Установить, чьими происками совершился такой конфуз, не удалось. Приписывали это, конечно, М.К., но не пойман – не вор. Во всяком случае, это сошло ей с рук – по старой памяти. Однако против нее постепенно ополчились и дирекция театра, и коллеги. Ей все труднее становилось получать ведущие партии. Раз или два приходилось напрямую обращаться для поддержки к самому императору – пользуясь его разрешением.
М.К. признавалась, что смогла пережить потерю Ники только благодаря Сергею Михайловичу. Конечно, она не испытывала к нему такого чувства, которое можно было бы сравнить с прежним, но всем своим отношением он завоевал ее сердце, и Маля искренне его полюбила.
Во всяком случае, она так говорила.
Сергей Михайлович баловал ее как мог, ни в чем не отказывал и старался предупредить все ей желания. Однако она знала, что может безнаказанно рвать его сердце на части, и разорвала-таки, когда в ее жизни появился сначала Николай Скалон, по прозвищу Боба, а потом и великий князь Андрей Владимирович.
М.К. завлекла Бобу Скалона исключительно из вредности. Он волочился за одной графиней, уж не припомню, как ее фамилия, М.К. называла, да я забыла. Эта графиня очень недоброжелательно отзывалась об искусстве М.К., вот та и решила отомстить. И прельстила Бобу.

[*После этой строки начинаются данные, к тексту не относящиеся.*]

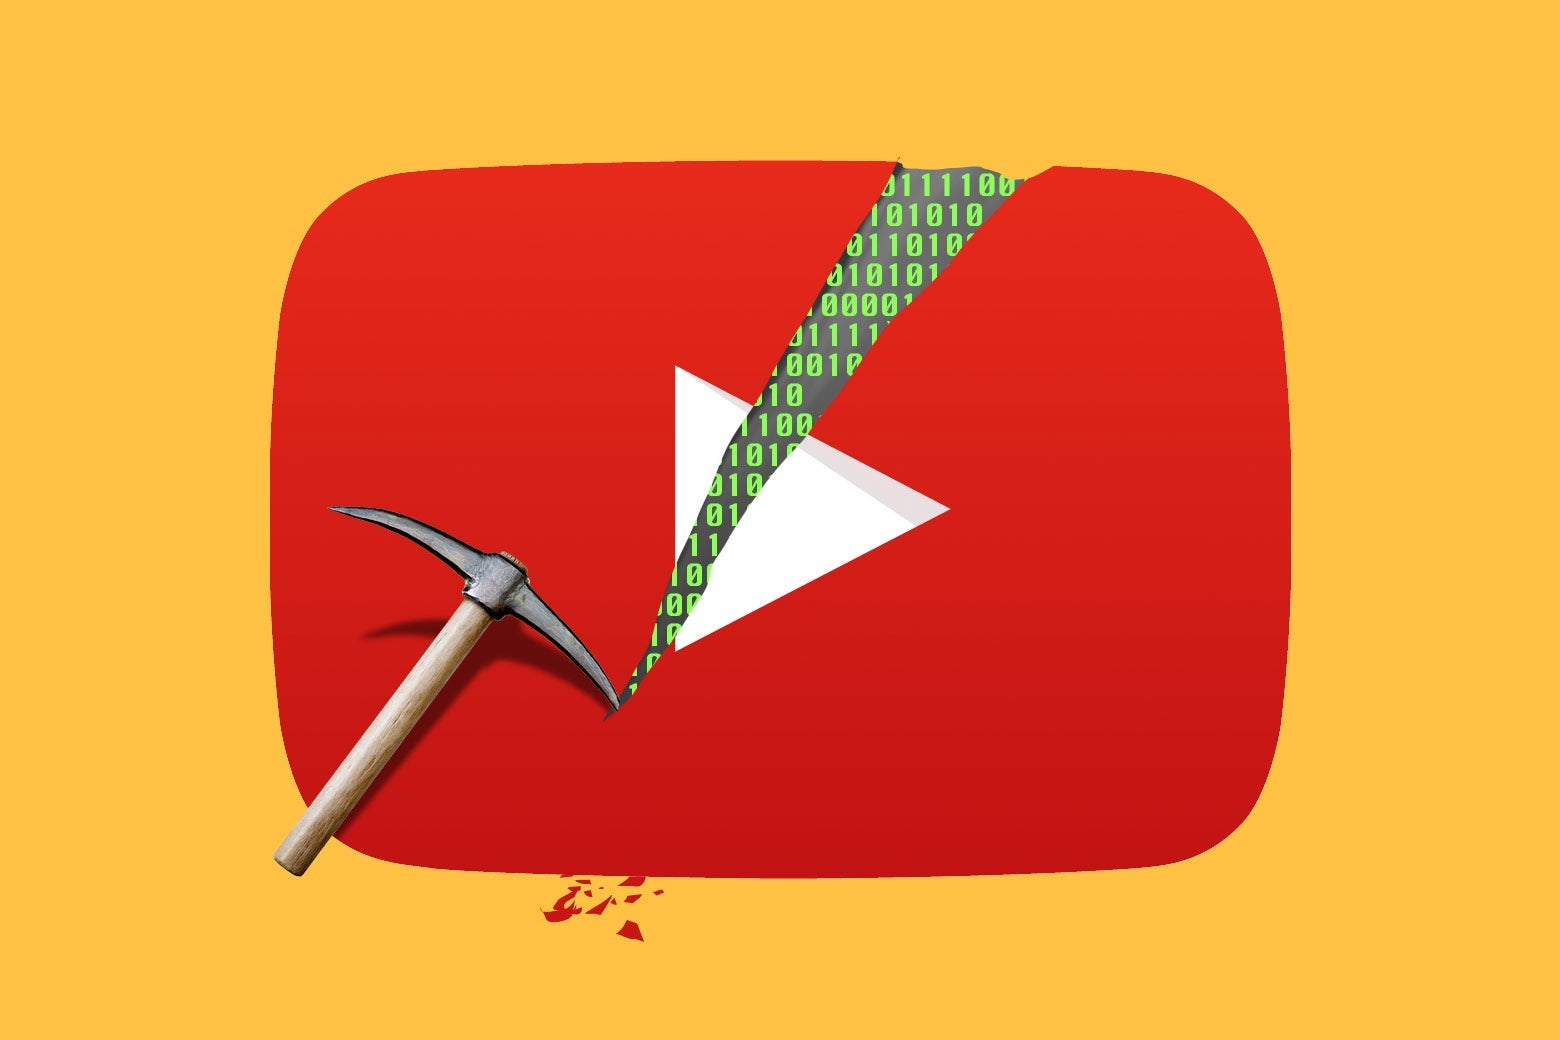 Photo illustration of a pickax cutting a hole of into the YouTube logo revealing 0's and 1's.

Не знаю, были ли они любовниками – здесь М.К. начинала так хихикать, что можно было подумать что угодно.
Так или иначе, он стал ее самозабвенным поклонником, чуть не на каждом ее представлении непременно бывал в театре, причем старался приехать вовремя, чтобы не пропустить момент выхода М.К. на сцену. Приезжал к ней в Стрельну, бывал у ее родителей…
А потом Боба скоропостижно умер от прогрессивного паралича, и М.К. принесла ему на гроб букетик фиалок. Часики, им подаренные, ей тоже удалось вывезти из России после революции – среди немногих прочих драгоценностей.
Само собой, даже если бы Скалон остался жив, дальше мимолетной связи они бы не зашли. М.К. как-то вспомнила, что ей делал немалые авансы великий князь Владимир Александрович и намекал, что, когда цесаревич ее покинет, он будет счастлив развеять ее печаль. Устраивал в ее честь ужины, дарил драгоценности от Фаберже. Тогда никто не знал, что Ники обещал свою панночку Сергею Михайловичу. Но, вспоминая это непродолжительное ухаживание великого князя Владимира Александровича, М.К. удивлялась причудам судьбы. Мало того что она была как бы предназначена мужчинам из рода Романовых – Владимир Александрович домогался ее, даже не предполагая, что огромной страстью жизни М.К. станет его сын – великий князь Андрей. И еще особый знак видела М.К. в том, что он появился в ее жизни, когда она получила этот оскорбительный, полный изощренной женской мстительности подарок от императрицы. змею.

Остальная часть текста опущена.